Stable D version?

Chris Cain clcain at uncg.edu
Mon Apr 22 23:41:35 PDT 2013


On Tuesday, 23 April 2013 at 06:24:24 UTC, Mehrdad wrote:
>
> The trouble is that you've already failed before you started.

Also, I'm assuming that this means that you had no intention of 
learning. That's kind of a poor position to be in, IMO. That 
means that I can't help you because you don't want to be helped.

So, I can give you appropriate alternatives (such as tuple) but 
you won't look at it and see "Oh, jeez, that's actually what I've 
been using structs for." (Or not, but I can't ever know that's 
not what you're looking for if you're not going to even try).

And I can't suggest snippets like:

     bool opEquals(T rhs) {
         foreach(i, e; this.tupleof) {
             if(!(e == rhs.tupleof[i]))
                 return false;
         }
         return true;
     }

... Which you could use in a mixin to start building a framework 
of behaviors you can add to _any_ struct to automatically get the 
behavior you want. We also can't discuss adding this as an 
attribute using the new attribute system and adding it to the 
standard library which might be something cool.
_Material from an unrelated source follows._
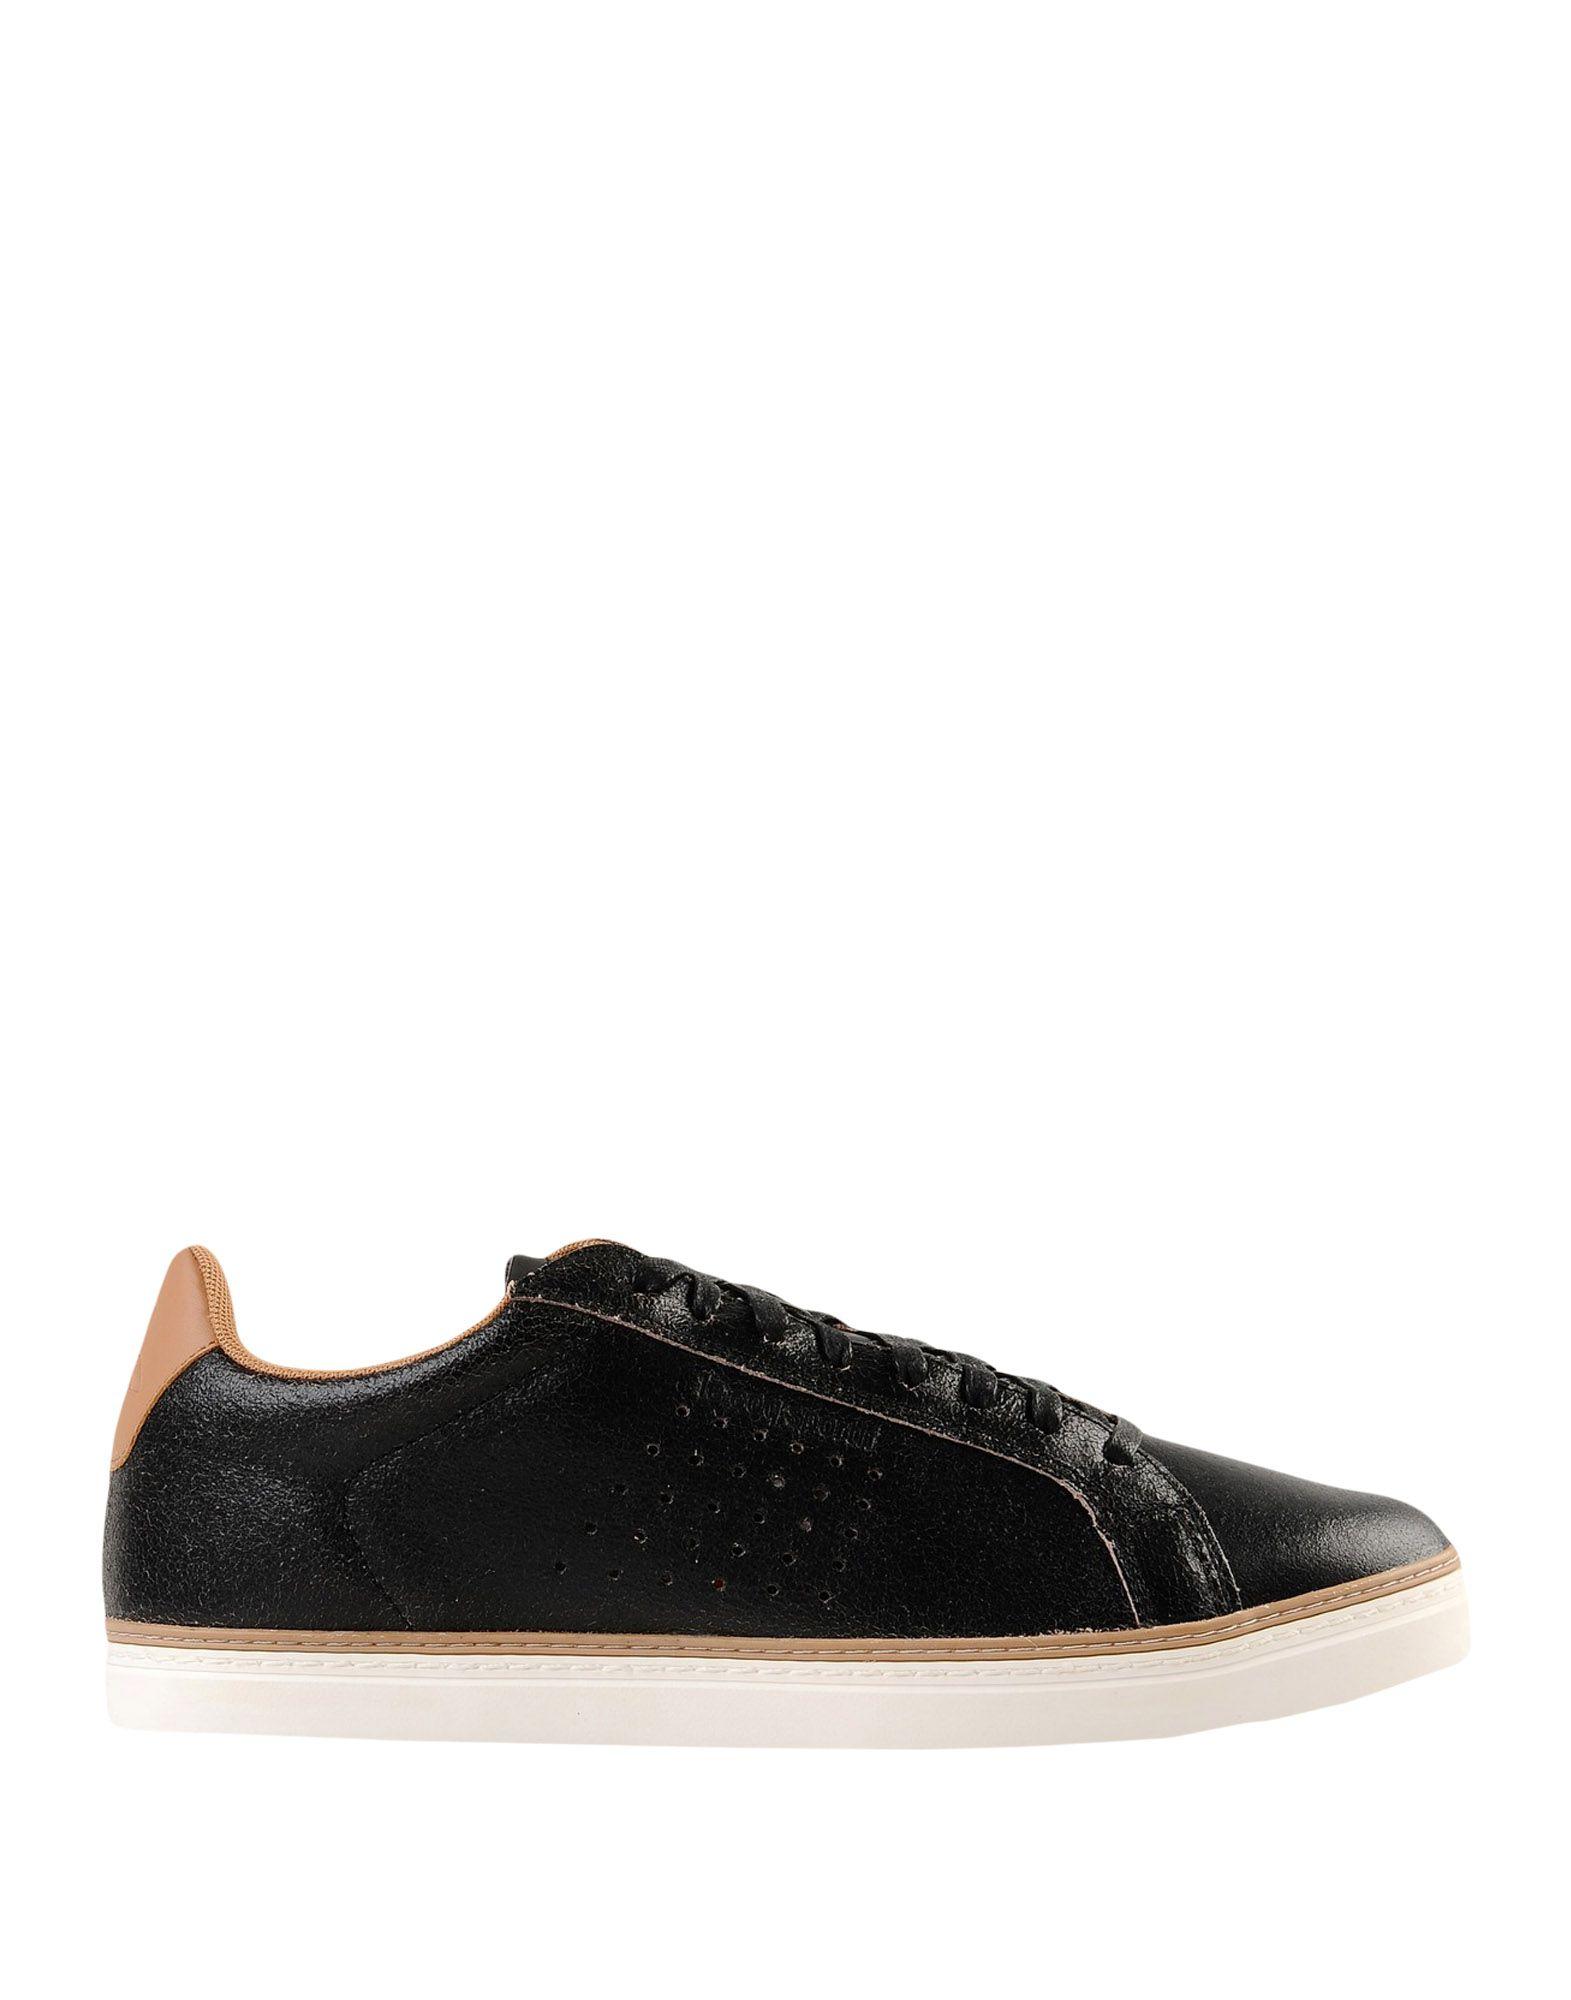 Rabatt echte Schuhe Le Coq Sportif  Courtace Premium Premium Premium Black/Brown Sugar  11555337WB bce8c7

No, we have to do it _your_ way and using _your_ understanding, 
instead of cooperating and getting a better result that we can 
both agree on.

All I'm saying is that structs are really basic for a reason. 
They're something you _build_ on. If you don't want to build on 
it (and you want something already somewhat built), you might be 
better served using something that _is_ prebuilt. Or make your 
own platform based on a struct (kinda like how tuples are 
implemented) and solve it that way.

So many solutions to your problem, yet you've already decided 
that changing the language is the only "right" way.